Since the first description of gene shuffling, many groups have demonstrated its power in enzyme evolution.³³ The major limitation of such template-based recombination processes remains the access to a collection of parental genes.

1.4. Generation of Diversity by de Novo Gene Synthesis. To bypass the requirement of access to natural DNA, techniques to create diversity without any starting gene have been proposed.⁴¹ These techniques rely on the concatenation of a large number of variable oligonucleotides to synthesize de novo the gene library. This approach opens the way to the generation of custom-tailored diversity: one can introduce structural information or natural polymorphisms, identified from databases. Moreover, when a very large number of mutations per molecule is sought (over 10), this approach appears superior to any other, as the mutations are not introduced through a recursive process but in a single synthesis step.
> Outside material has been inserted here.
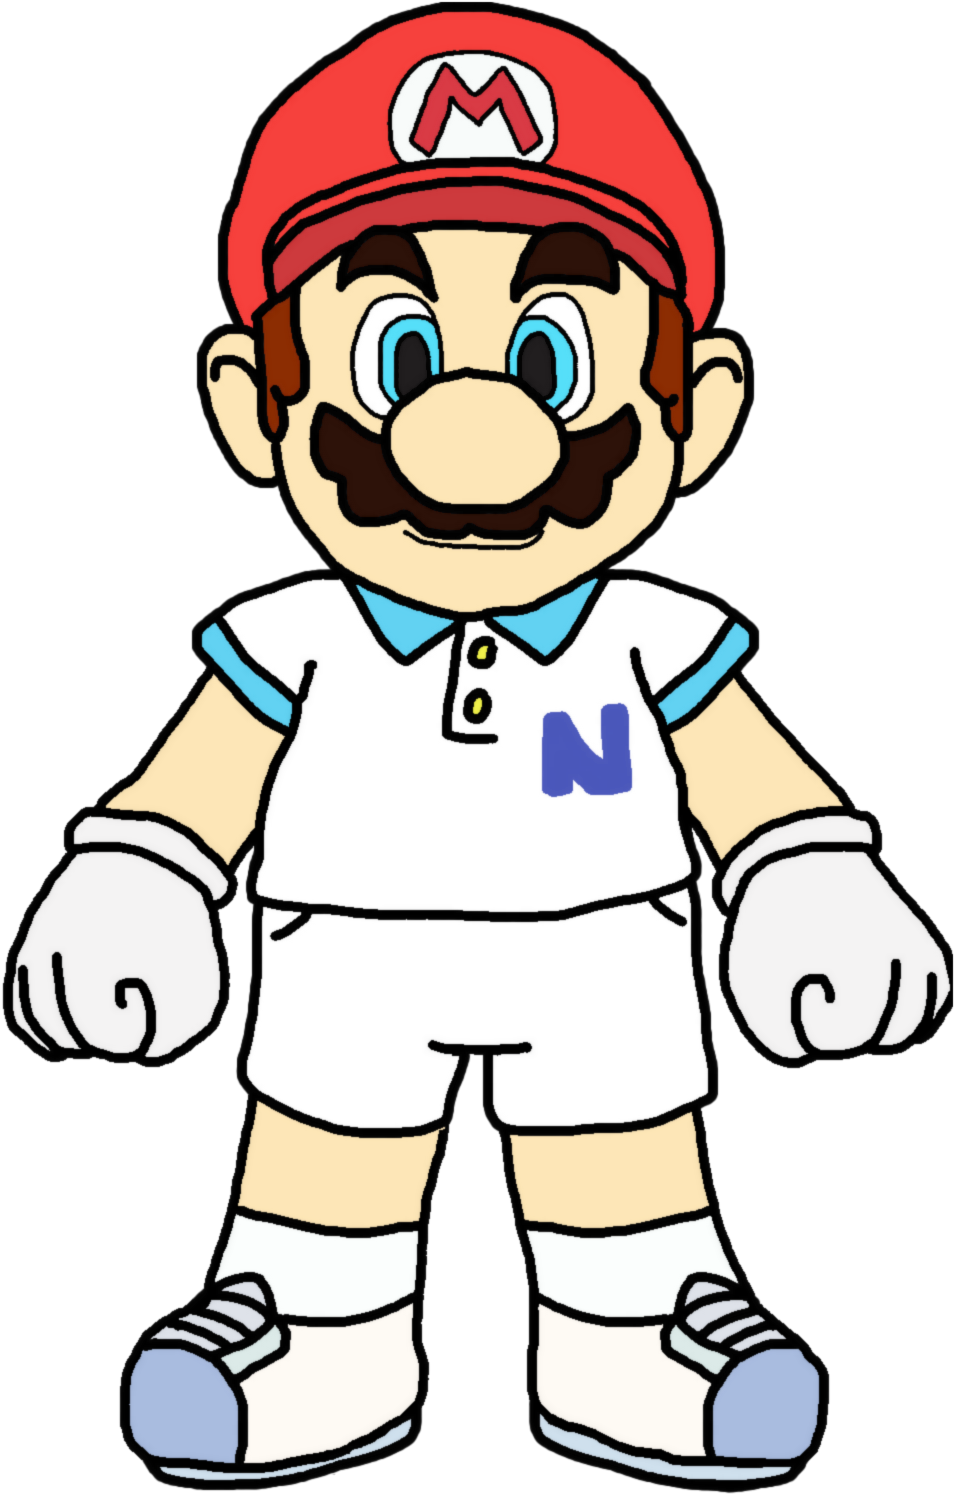 Mario - Tennis - Katlime Deviantart Mario (955x1628)

But mutations due to errors in oligonucleotide synthesis constitute a major limitation in all these template-independent gene synthesis techniques. The error rate of oligonucleotide synthesis is often superior to 2 per kb, and errors are most frequently single base deletions or insertions, thus resulting in frameshifted sequences. Thus, with the exception of very small genes, the library will encode a large majority of nonfunctional, truncated proteins. Indeed, in one example, where diversity was introduced by gene synthesis of a 1.5 kb DNA fragment, only 20% of the resulting muteins had retained some activity, compared to 75% obtained by standard gene shuffling.⁴²

1.5. Larger and Smarter Libraries: Massive Mutagenesis. Massive mutagenesis was first developed in the years 1999 and 2000 to give access to mutant libraries of unprecedented quality. Massive mutagenesis allows the generation of libraries composed of combinatorial site-directed mutants.⁴³ Figure 2 summarises the massive mutagenesis protocol, a template-based process starting with a plasmid containing the gene of interest and a mixture of a large number of mutagenic phosphorylated oligonucleotides.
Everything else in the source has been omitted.